[Your assignment]: Repeat the listing exactly. Pictures stay out of your copy.

------ Dataset extract

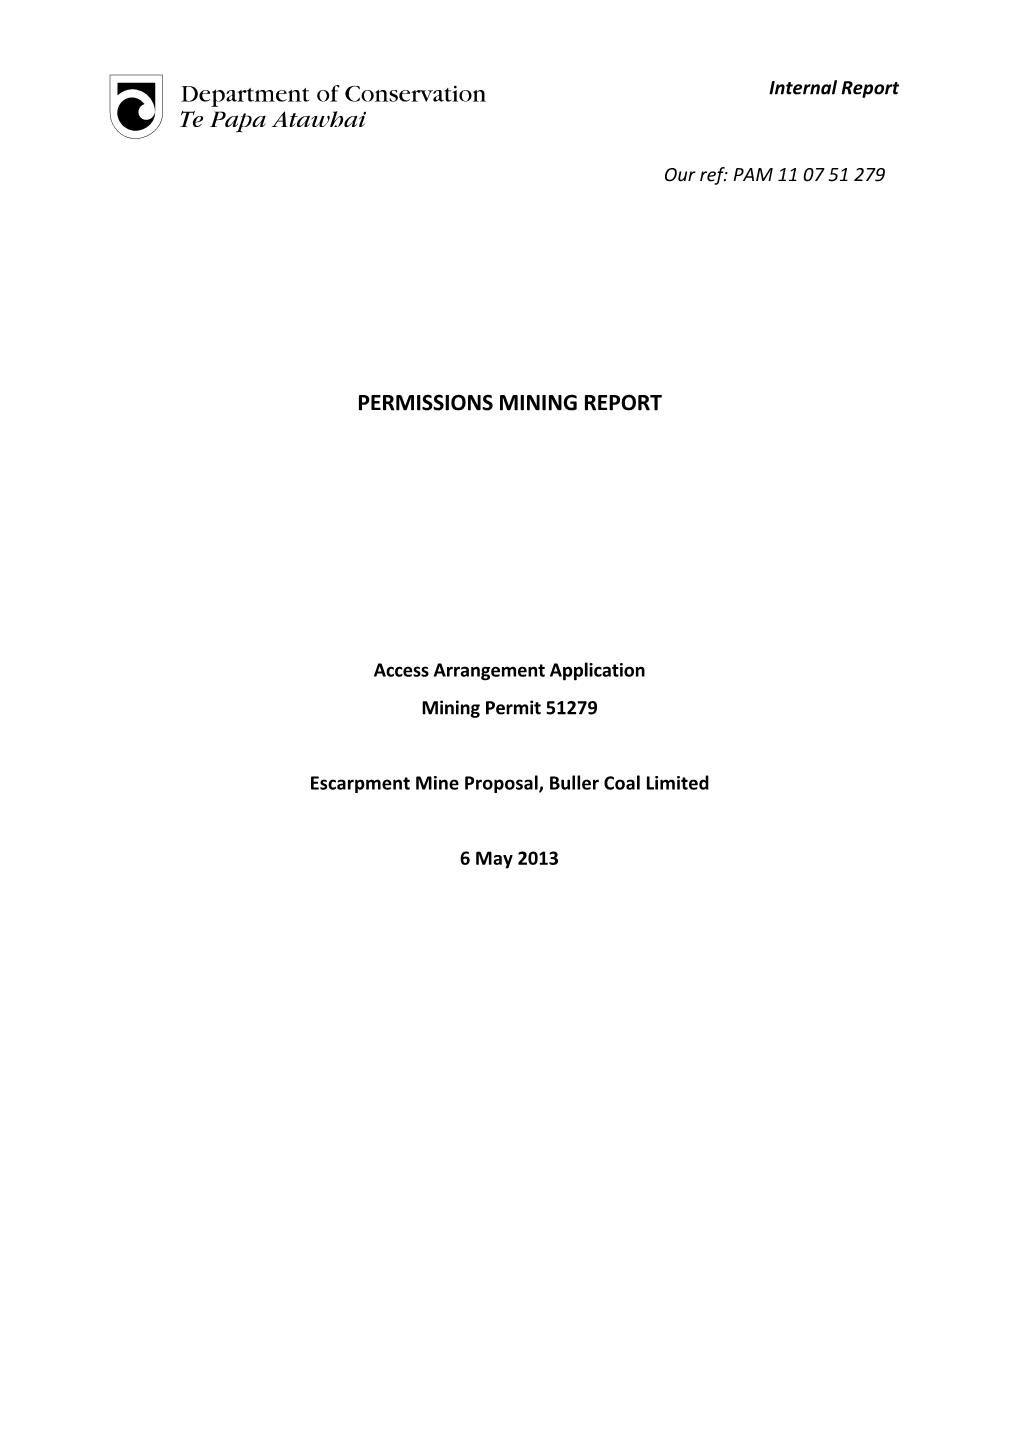 Permissions Mining Report
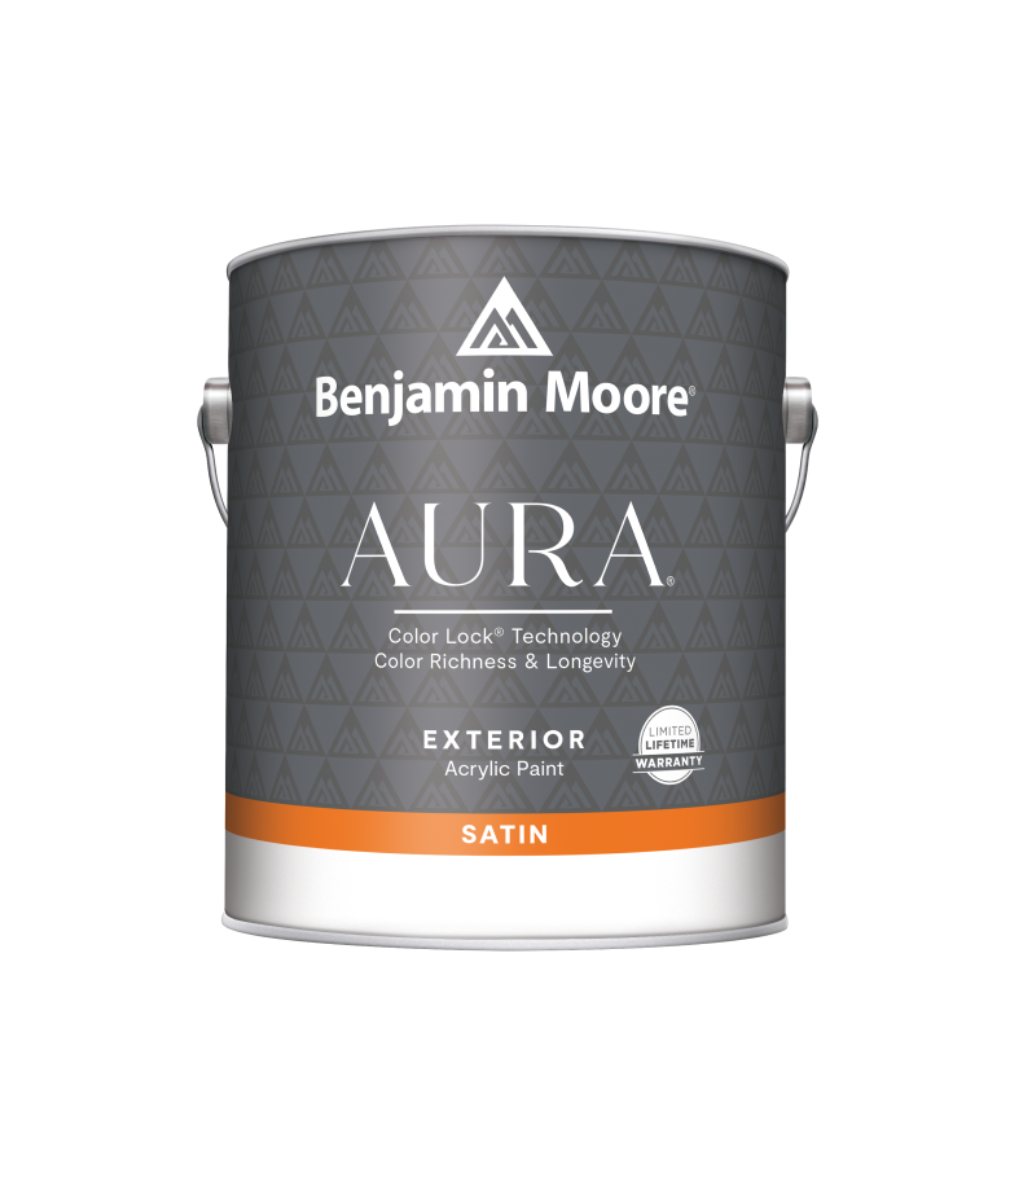 Benjamin Moore Aura Exterior Satin Paint available at JC Licht.
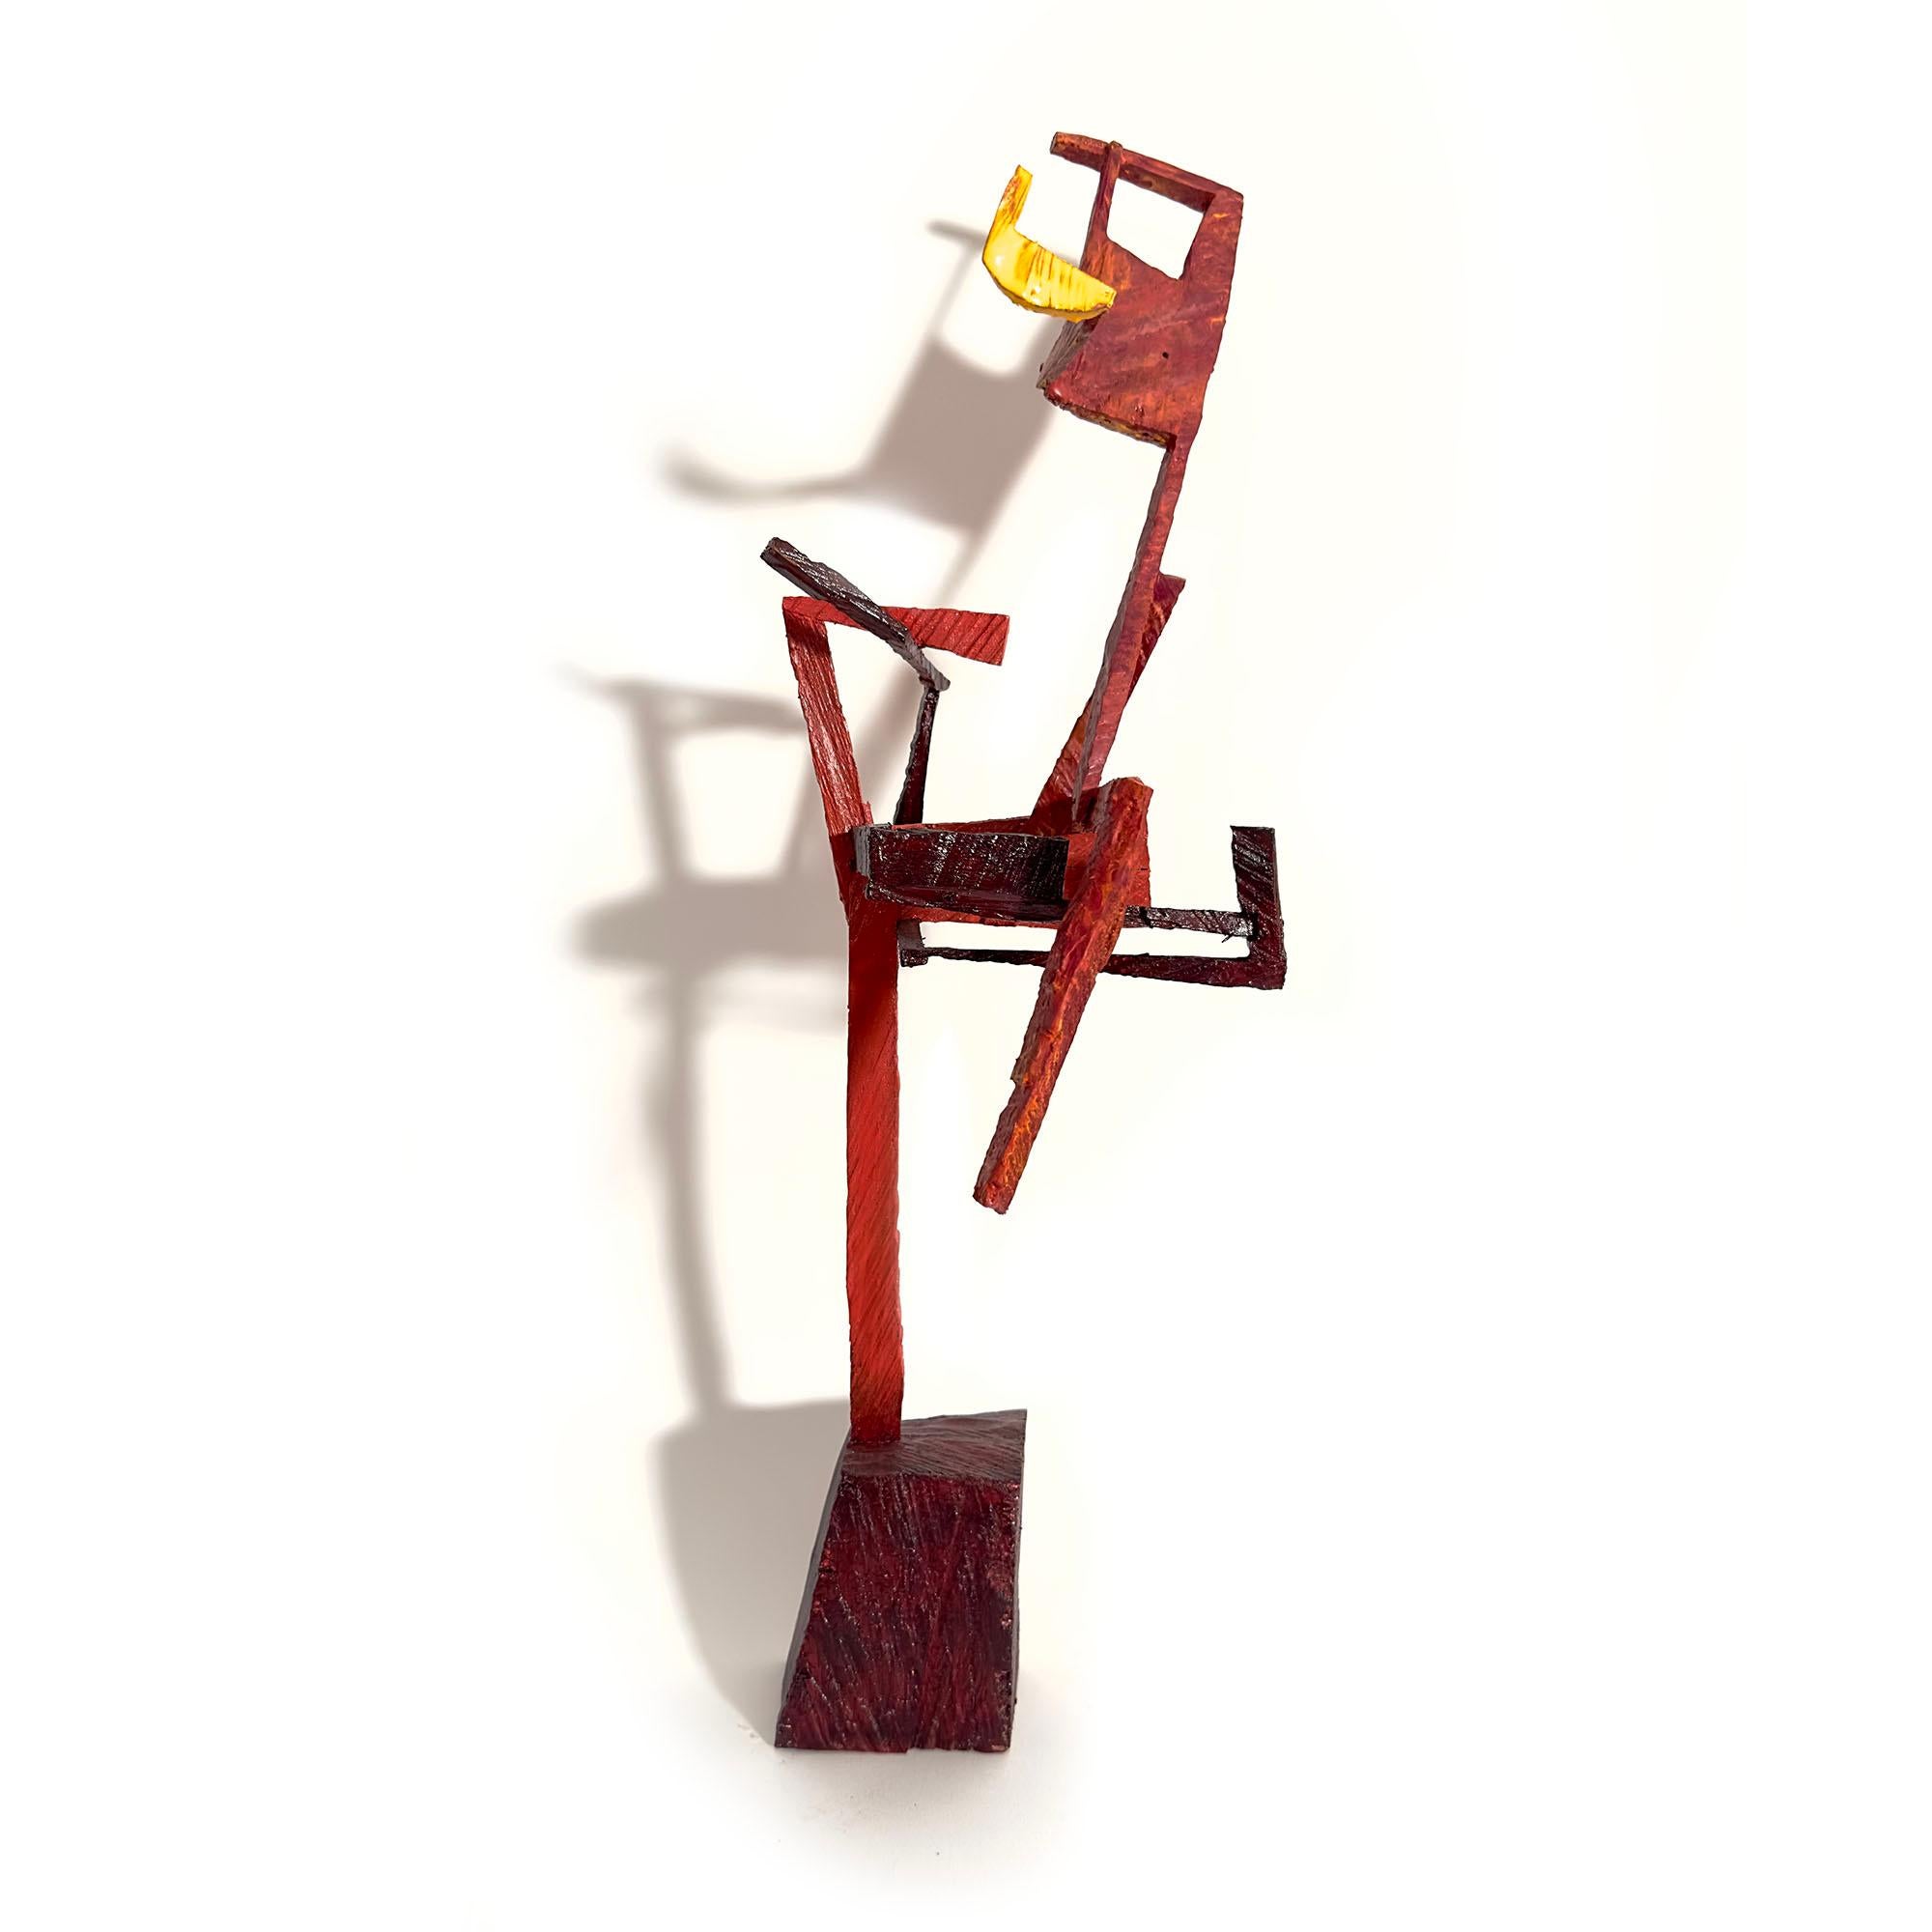 Joe Sultan Abstract Sculpture - Joey, abstract geometric wooden sculpture

------------

[Written solution]:
 Permissions Mining Report
 Benjamin Moore Aura Exterior Satin Paint available at JC Licht.
 Joe Sultan Abstract Sculpture - Joey, abstract geometric wooden sculpture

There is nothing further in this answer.